### What you will do
With the pictures left out, write out exactly the lines of the listing below that run from the line with "Епідемія грипу: СЕС" through the line with "Раскраска Царь с".

──────── Material for this task

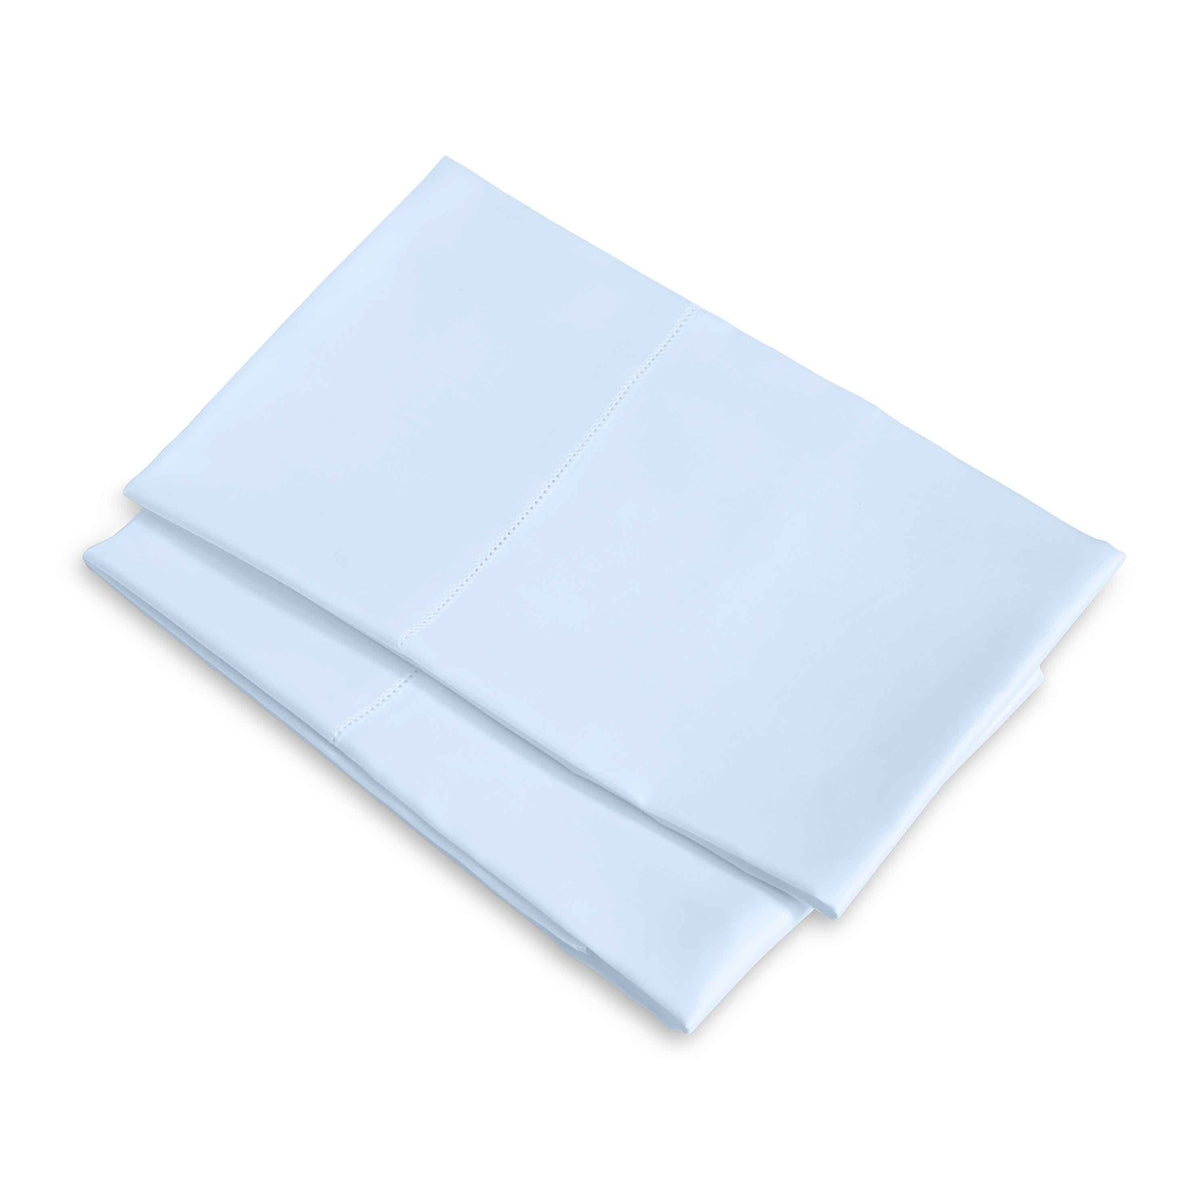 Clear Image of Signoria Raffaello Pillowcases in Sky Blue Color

────────────────
──────── Material for this task

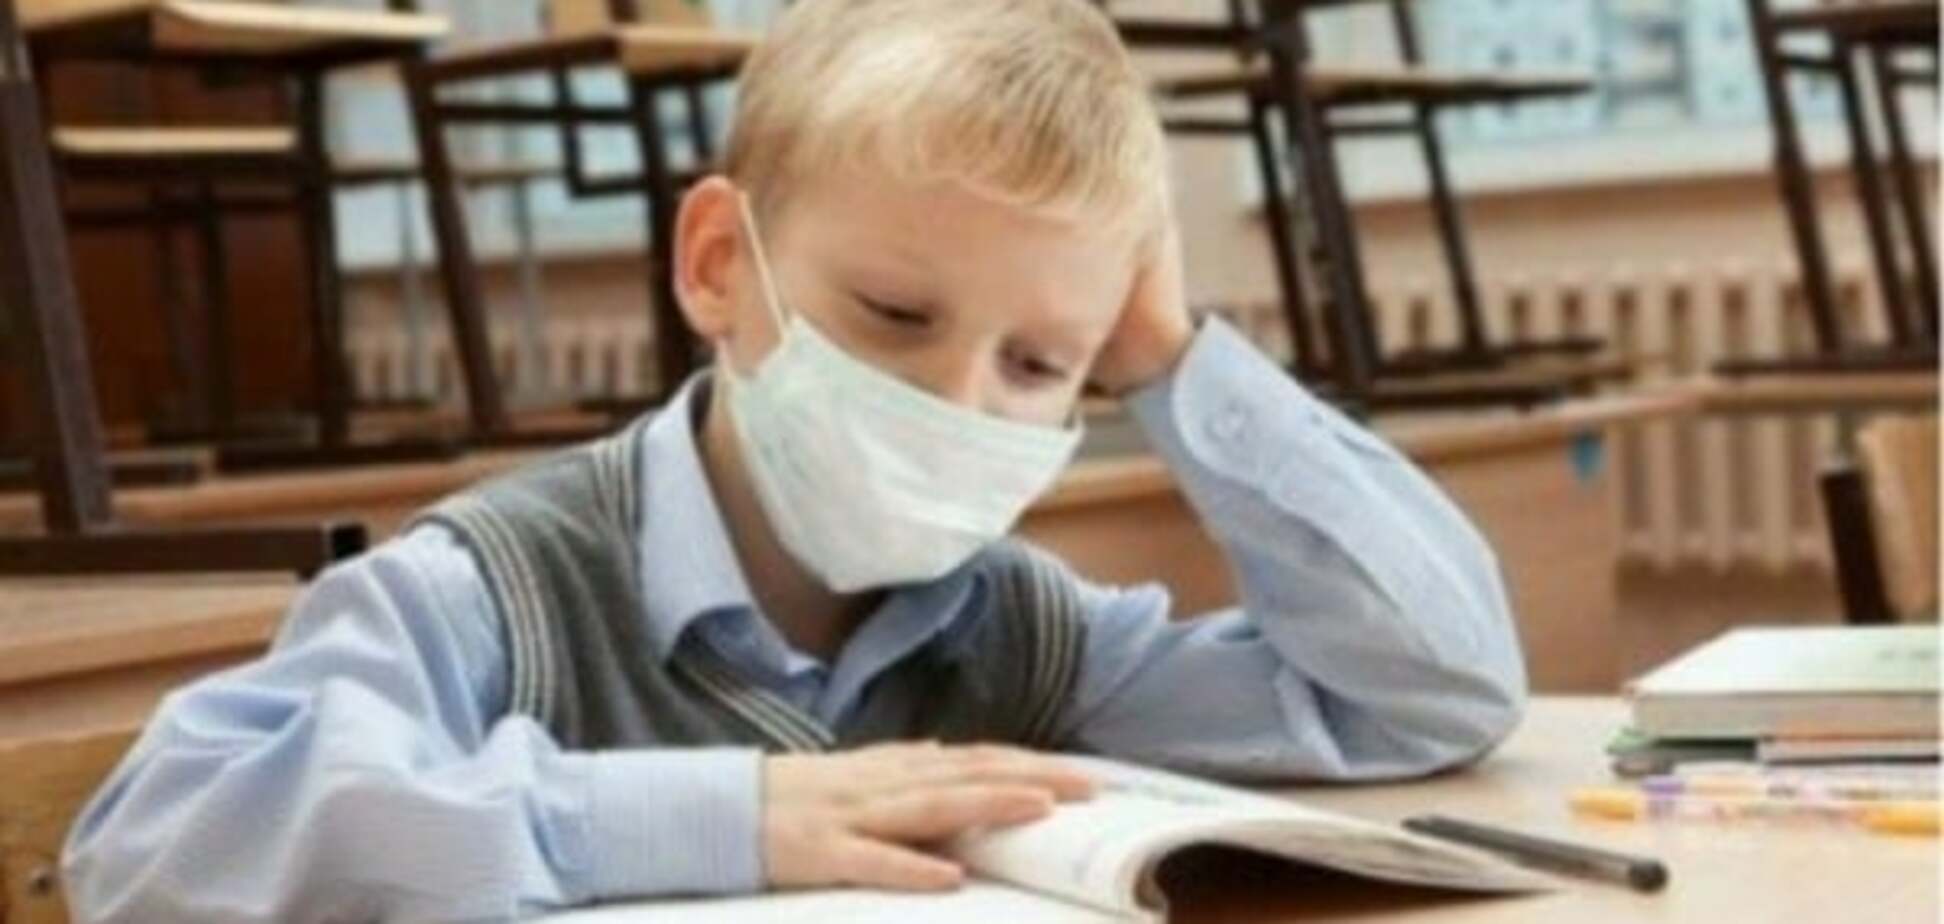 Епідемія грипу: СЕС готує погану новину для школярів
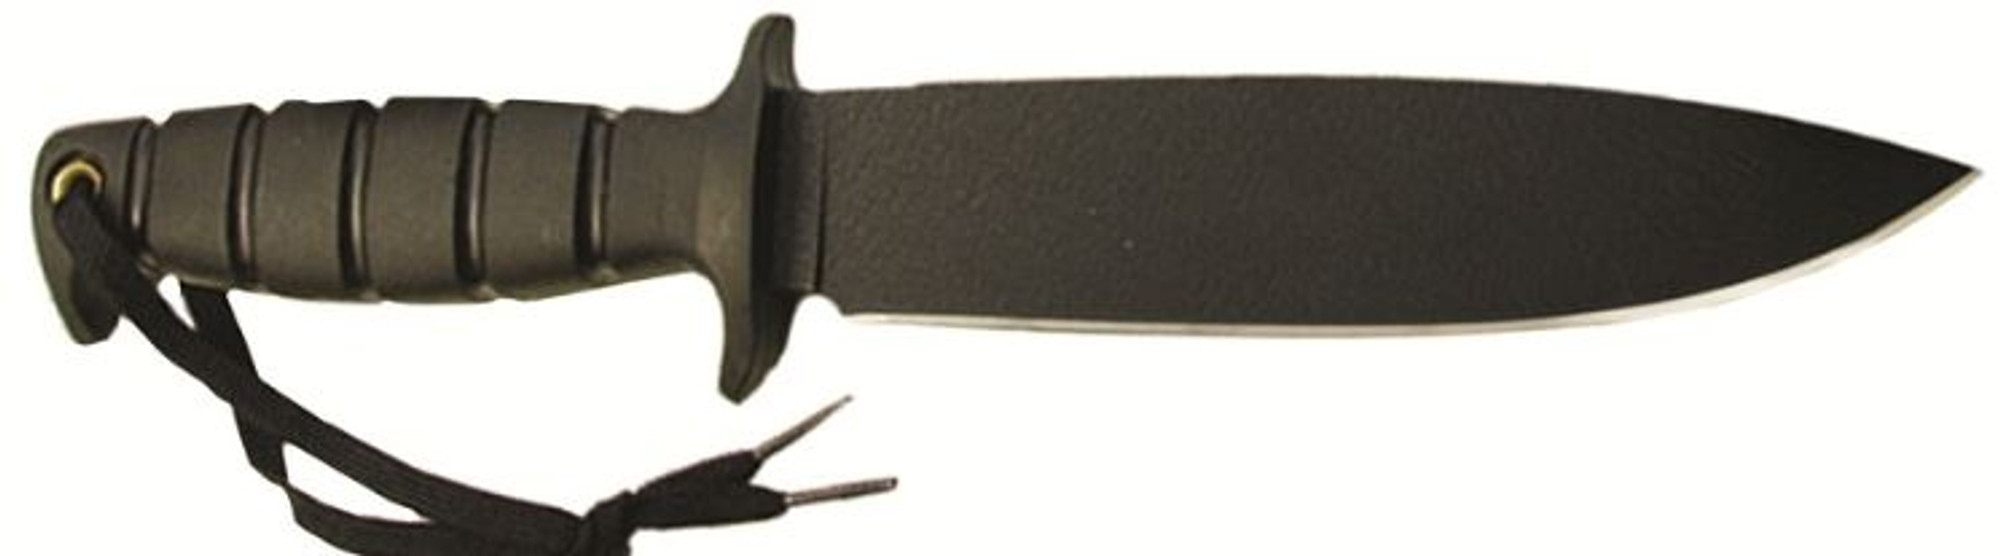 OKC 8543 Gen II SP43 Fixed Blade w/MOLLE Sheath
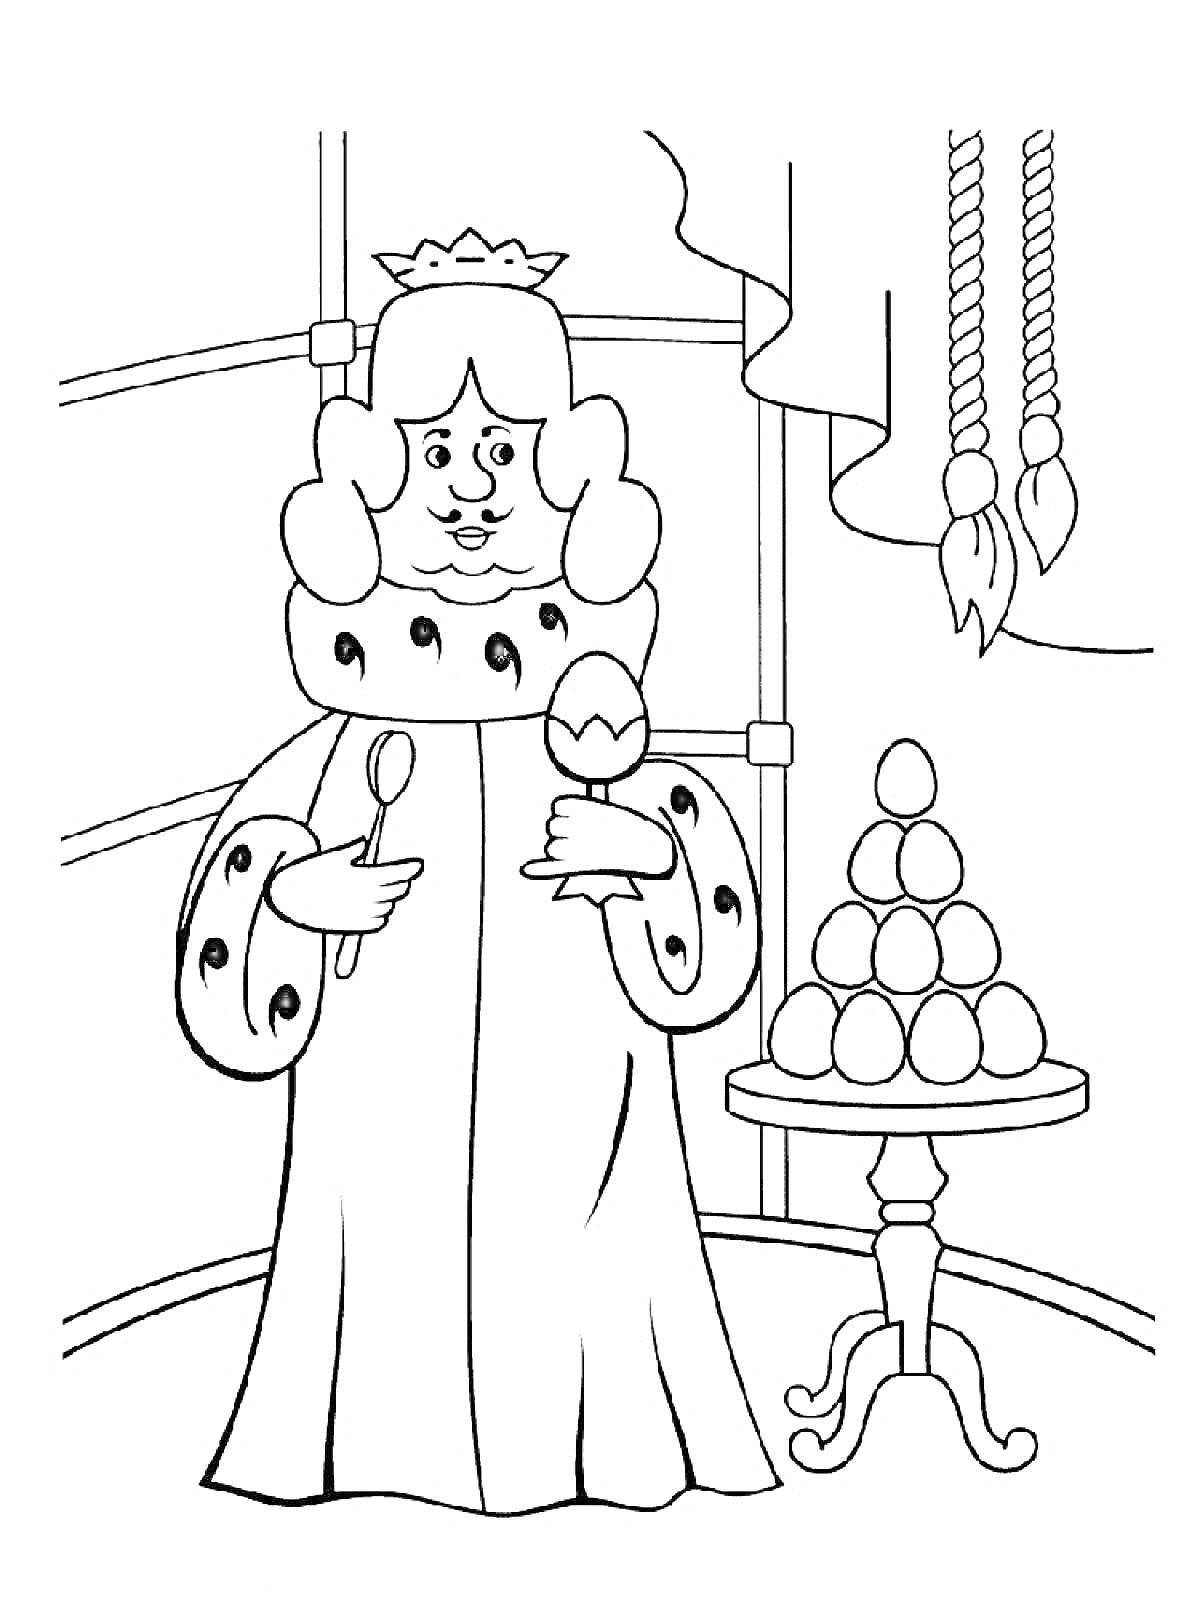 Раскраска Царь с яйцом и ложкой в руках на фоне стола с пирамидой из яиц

────────────────

### Your response
 Епідемія грипу: СЕС готує погану новину для школярів
 OKC 8543 Gen II SP43 Fixed Blade w/MOLLE Sheath
 Раскраска Царь с яйцом и ложкой в руках на фоне стола с пирамидой из яиц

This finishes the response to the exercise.